US forces have seized a vessel carrying 1.9 million barrels of Iranian oil, according to US Attorney Pirro, executed under a federal seizure warrant. The odds of US escorts through the Strait of Hormuz by April 30 sit at 5.5% YES.
Market reaction
The Hormuz escort market dropped from 6% a day ago and from 16% a week ago. The April 30 contract trades at 5.5% YES even after the seizure. Moving the price five points requires $1,491, indicating moderate liquidity.

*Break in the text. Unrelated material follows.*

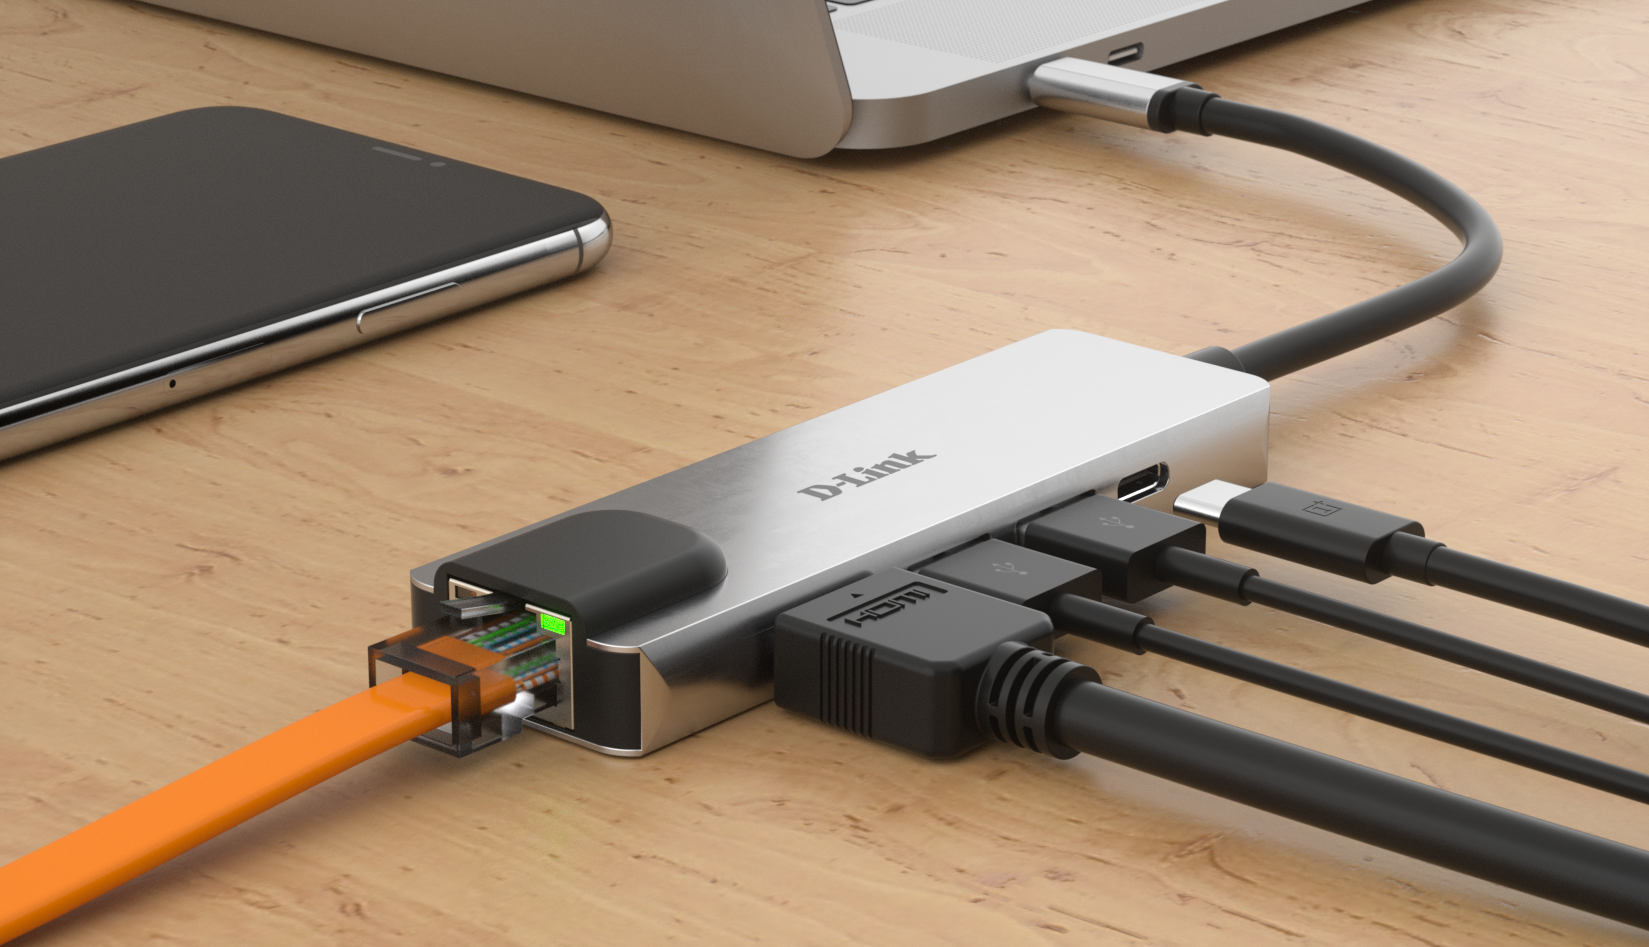 DUB-M520 5-in-1 USB-C Hub with HDMI/Ethernet and Power Delivery - showing example connections connected to a laptop on a desk
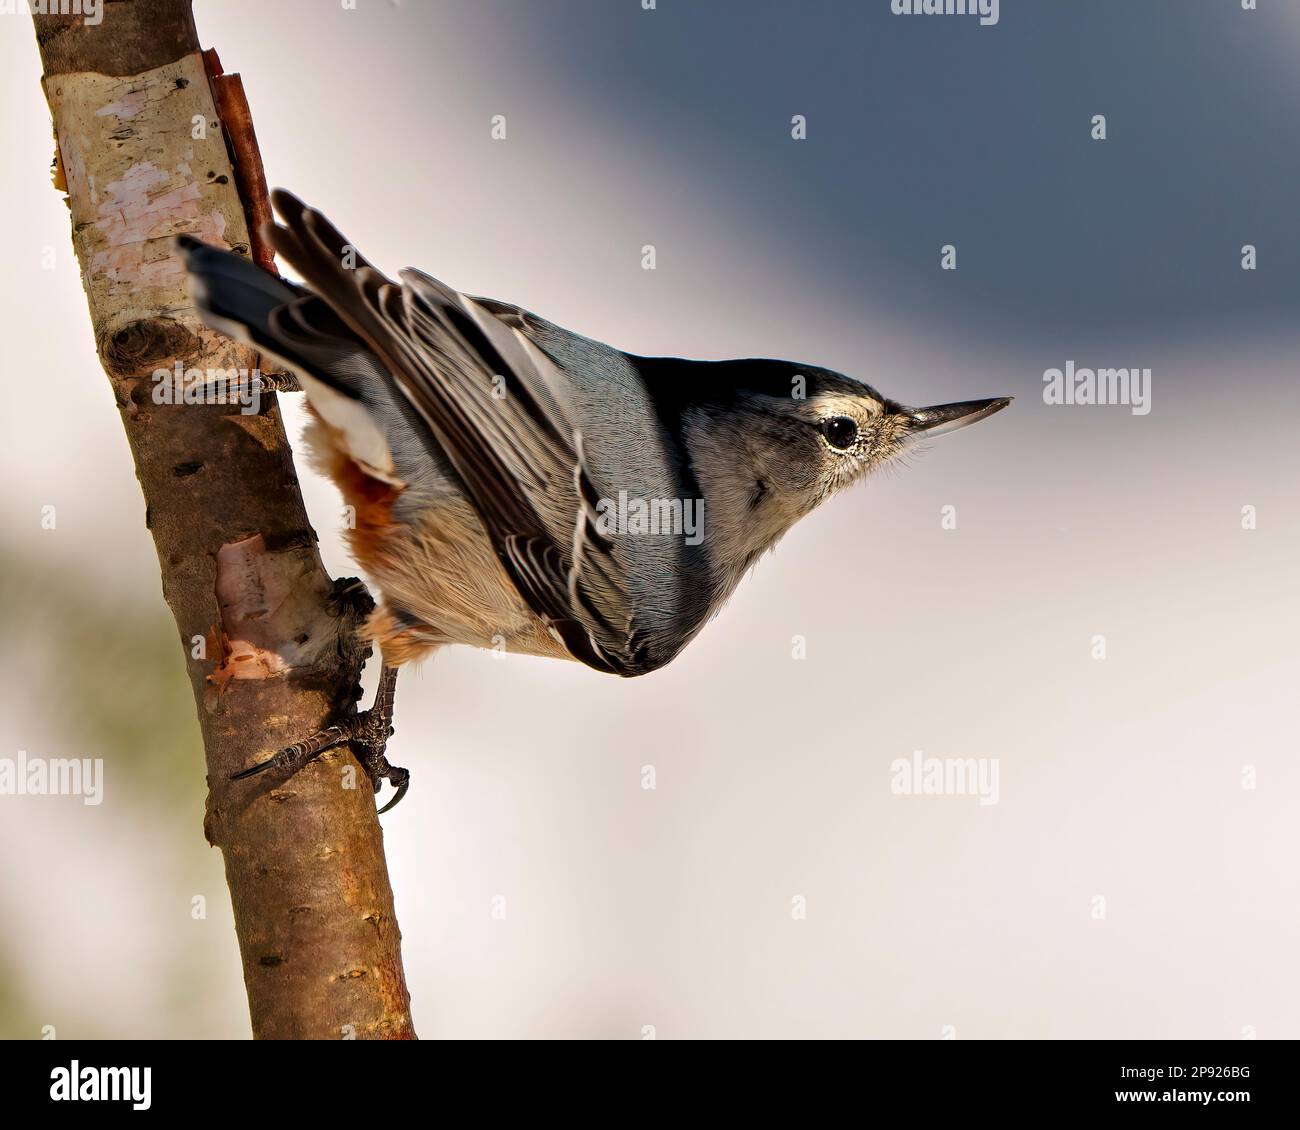 White-breasted Nuthatch perched on a tree branch with a blur background in its environment and habitat surrounding. Nuthatch Portrait. Stock Photo

The probability of Iran successfully targeting ships by April 30 is at 8.9% YES, down sharply from 31% a day ago. The largest move in that market was an 8-point drop, suggesting traders read the seizure as reducing rather than increasing the risk of Iranian ship targeting. The Iran targeting market has thin liquidity: $272 can move the odds five points.
Why it matters
The seizure is a direct escalation, but traders are pricing it as insufficient to trigger either a wave of military escorts or Iranian retaliations in the near term. Tensions were already elevated, and the market’s response, with both contracts falling over the past week, implies that traders see the seizure as a contained enforcement action rather than a precursor to broader conflict. At 5.5¢, a YES share for US escorts pays $1 if it resolves, a potential 18x return. The value depends on whether this incident prompts a decisive US military response within the next week.
What to watch
Official statements from CENTCOM and the Pentagon, along with any response from Iran’s IRGC, are the most likely catalysts to move these contracts in either direction.